Building and Underground Penetration
One of the most practically important advantages of 450 MHz for utility applications is its superior penetration through physical structures. Smart electricity meters, for instance, are often located in basements, meter cupboards under stairs, or in substations with thick reinforced concrete walls. Public LTE networks operating at 1800-2600 MHz may struggle to maintain reliable connectivity in these locations.
Measured building penetration loss at 450 MHz is typically 8-15 dB less than at 1800 MHz for standard residential construction, and 15-25 dB less for reinforced concrete industrial buildings. This means that a meter that requires a signal of -110 dBm RSRP to maintain reliable connectivity might achieve this inside a concrete basement at 450 MHz where a 900 MHz signal would only achieve -125 dBm – a significant reliability difference.
For underground applications – cable chambers, underground pipeline monitoring, water intake points below ground level – the penetration advantage is even more pronounced. The wavelength of 450 MHz (66 cm) diffract more efficiently around edges and through apertures than the shorter wavelengths of higher-frequency LTE bands.
Link Budget Worksheet
The Maximum Allowable Path Loss (MAPL) determines the maximum coverage distance. A worked example for a typical LTE450 utility network:
| Parameter | Value | Notes |
|---|---|---|
| Base station TX power (per antenna) | +43 dBm | 20W typical for LTE450 macro |
| BS antenna gain | +12 dBi | Sector antenna at 450 MHz |
| BS feeder cable loss | -2 dB | Short feeder with RRH |
| Equivalent Isotropically Radiated Power (EIRP) | +53 dBm | Regulated by licence condition |
| UE receive antenna gain | +3 dBi | Omnidirectional device antenna |
| UE noise figure | 9 dB | Typical industrial modem |
| Required SINR at cell edge | -3 dB | QPSK 1/3 MCS |
| Thermal noise floor (5 MHz BW) | -107 dBm | kTB = -174 dBm/Hz + 10log(5e6) |
| UE minimum receive level | -101 dBm | Noise floor + NF + SINR |
| Fade margin | -10 dB | Slow fading margin |
| MAPL | 147 dB | EIRP – UE min rx – margins |
Using the Okumura-Hata propagation model for rural environments at 450 MHz with a 30m base station height and 1.5m device height, a MAPL of 147 dB corresponds to a cell radius of approximately 60-70 km in open rural terrain. The same MAPL at 900 MHz would yield approximately 35-45 km.
Frequently Asked Questions
5G networks operating at mid-band frequencies (3.5 GHz) have significantly shorter range than LTE450 – typically 1-5 km per base station. 5G mmWave has even shorter range. Only 5G deployments at sub-1 GHz (such as the 700 MHz or 600 MHz bands) approach the coverage of LTE450, but still with approximately 12 dB less MAPL than 450 MHz. LTE450’s coverage advantage is a fundamental physics limitation that 5G cannot overcome without adopting sub-500 MHz spectrum.
LTE450 signals are largely unaffected by rain (rain fade becomes significant above 10 GHz).
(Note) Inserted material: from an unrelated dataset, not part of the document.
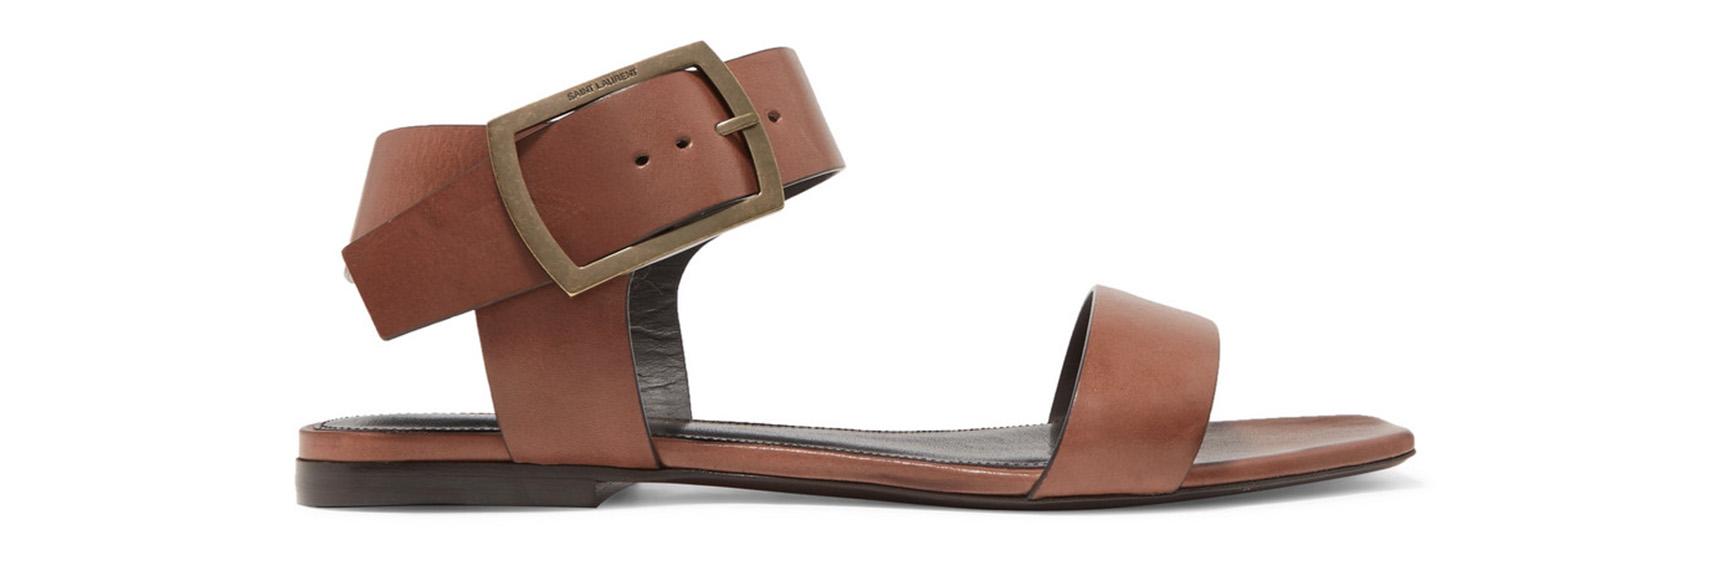 Oak Leather Sandals

Atmospheric ducting – a meteorological phenomenon where temperature inversions in the lower atmosphere create a waveguide effect – can actually extend LTE450 coverage well beyond the planned cell radius under certain weather conditions. This can occasionally cause interference between adjacent cells and is managed through careful frequency planning.
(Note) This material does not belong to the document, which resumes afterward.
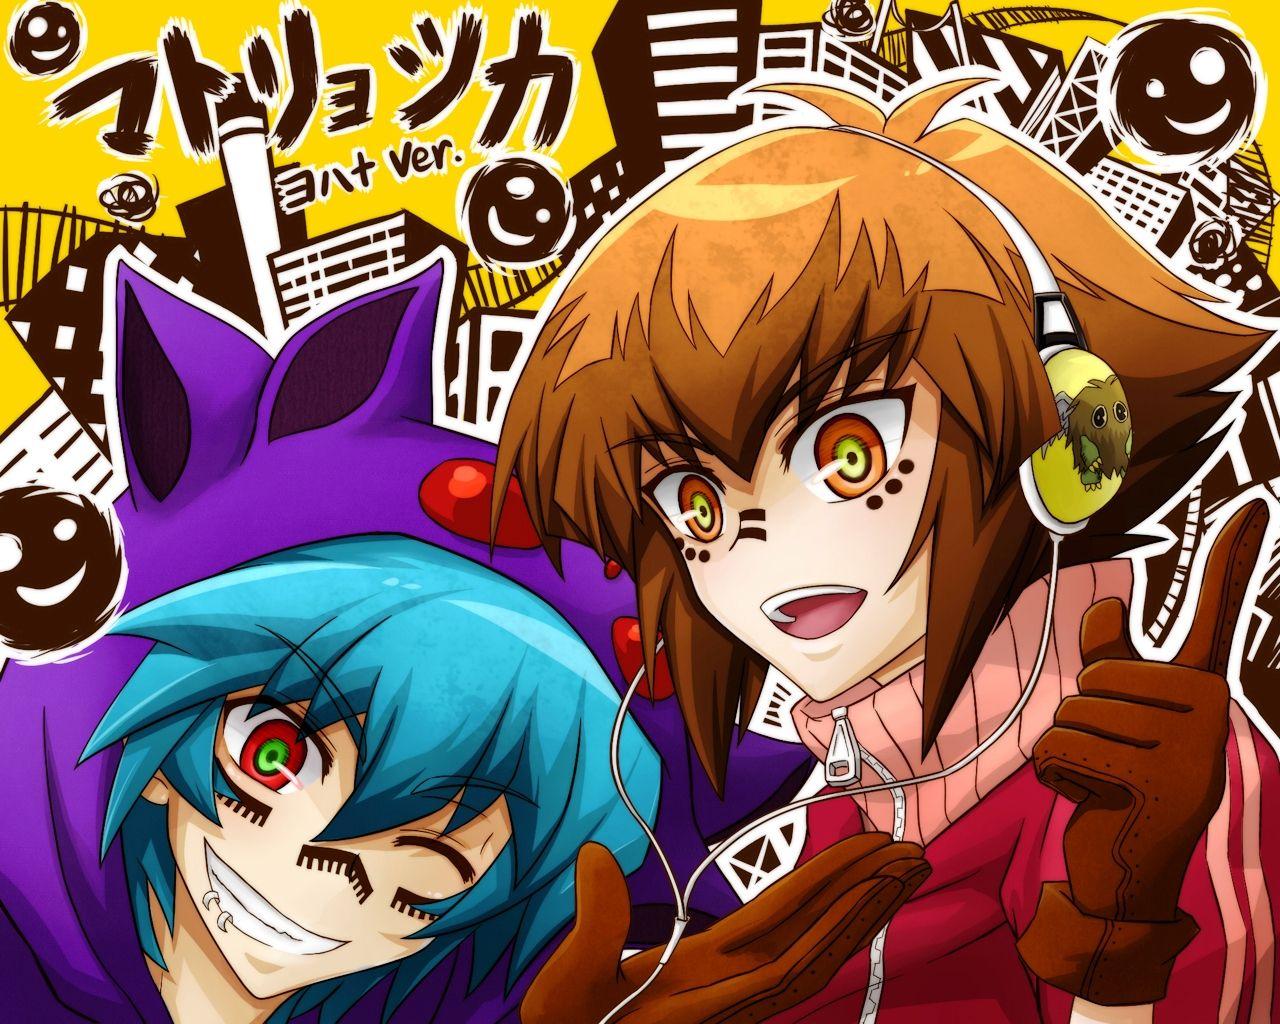 Yugioh GX jaden and John/Jesse Yugioh, Anime, Anime images

Coverage is measured using drive test equipment (vehicles fitted with test UEs and logging software such as TEMS Investigation or Actix Analyzer) recording RSRP, RSRQ, SINR, and throughput at points throughout the coverage area. Walk tests are used for indoor and underground coverage verification. Coverage maps are produced by combining drive test data with propagation model predictions. The target coverage threshold is typically an RSRP of -110 to -120 dBm, depending on the application’s sensitivity requirements.